Peter Magyar talks to the media before meeting Hungarian President Tamas Sulyok in the presidential Alexander Palace in Budapest, 15 April, 2026
– Copyright AP Photo
Magyar has called on Orbán’s government to act as a caretaker in its final weeks and not to make any decisions that could threaten Hungary’s interests or impede the incoming government’s work.
Hungary’s Prime Minister-designate Péter Magyar said on Wednesday that the country’s president had assured him in a meeting that his new government could take power in the first week of May, an accelerated timeline for the end of Prime Minister Viktor Orbán’s 16-year reign.
Following Magyar and his centre-right Tisza party’s landslide victory in Sunday’s election in which it won a two-thirds parliamentary majority, the opposition leader has pushed for the transfer of power to occur as quickly as possible.
Under Hungarian law, the inaugural session of the new parliament, which must elect a new prime minister, must occur no later than 12 May.
Following a private consultation with President Tamás Sulyok on Wednesday, Magyar told reporters outside the presidential palace in Budapest that Sulyok had assured him that Magyar would be his nominee for the next prime minister, and that the inaugural session would likely be scheduled for the 6 or 7 of May.
“(The president) thinks, and I think everyone thinks, that it’s in the interests of the Hungarian nation that after such an overwhelming mandate from the voters, a change in government and a change of regime should happen as quickly as possible,” Magyar said.
Magyar has vowed to conduct a major overhaul of much of Hungary’s governmental structure, and to create separate ministries for health, environmental protection and education that did not exist under Orbán.
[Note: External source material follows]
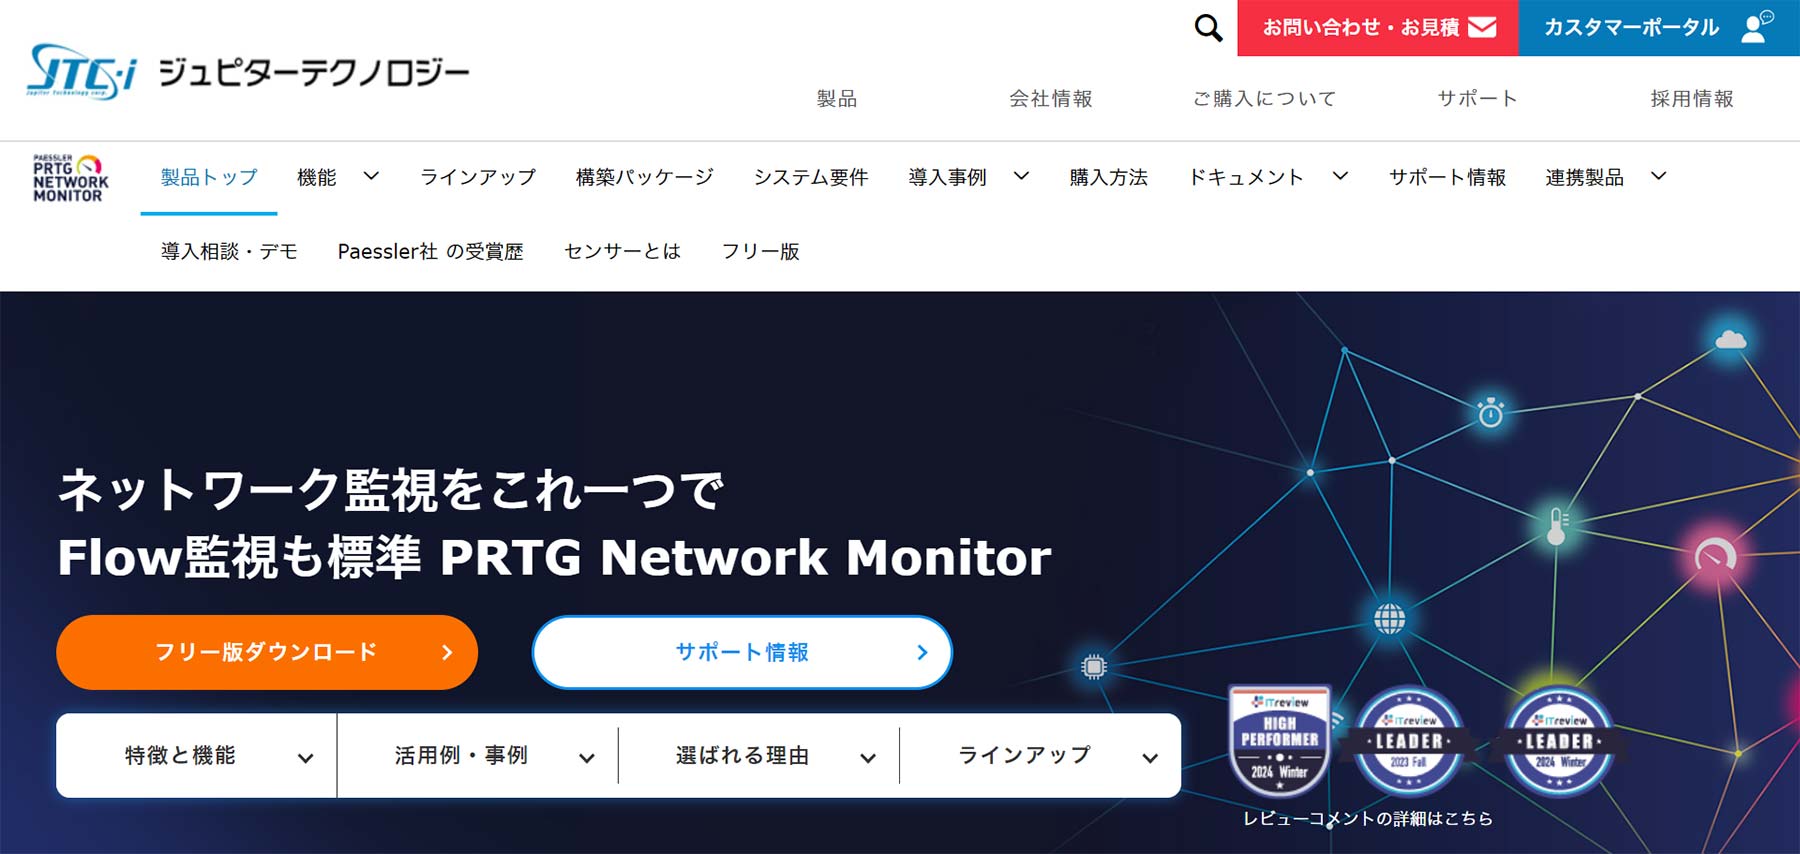 PRTG Network Monitor公式Webサイト

In his first appearance on Hungary’s public broadcaster in nearly two years on Wednesday morning, Magyar said his new government would suspend the service’s news programming, which has functioned for years as a mouthpiece for Orbán’s Fidesz party, until “conditions are established that are independent, objective and impartial.”
“One of the key elements of our programme is that this factory of lies will come to an end once the Tisza government is formed,” he told the host.
Magyar has called on Orbán’s government to act as a caretaker in its final weeks and not to make any decisions that could threaten Hungary’s interests or impede the incoming government’s work.
He said he had asked the president, who was elected by Orbán’s majority in parliament, to resign after the formation of the new government, something Sulyok said he would “consider.”
“I repeated to him that he is unworthy of embodying the unity of the Hungarian nation and unfit to be the guardian of the law,” Magyar said, adding that if Sulyok does not resign, his new government will make constitutional changes to remove him “along with all the other puppets that the Orbán system has installed.”
Because Tisza secured a supermajority of two-thirds of seats in parliament, the new government will have the power to change the constitution and roll back many of Orbán’s policies.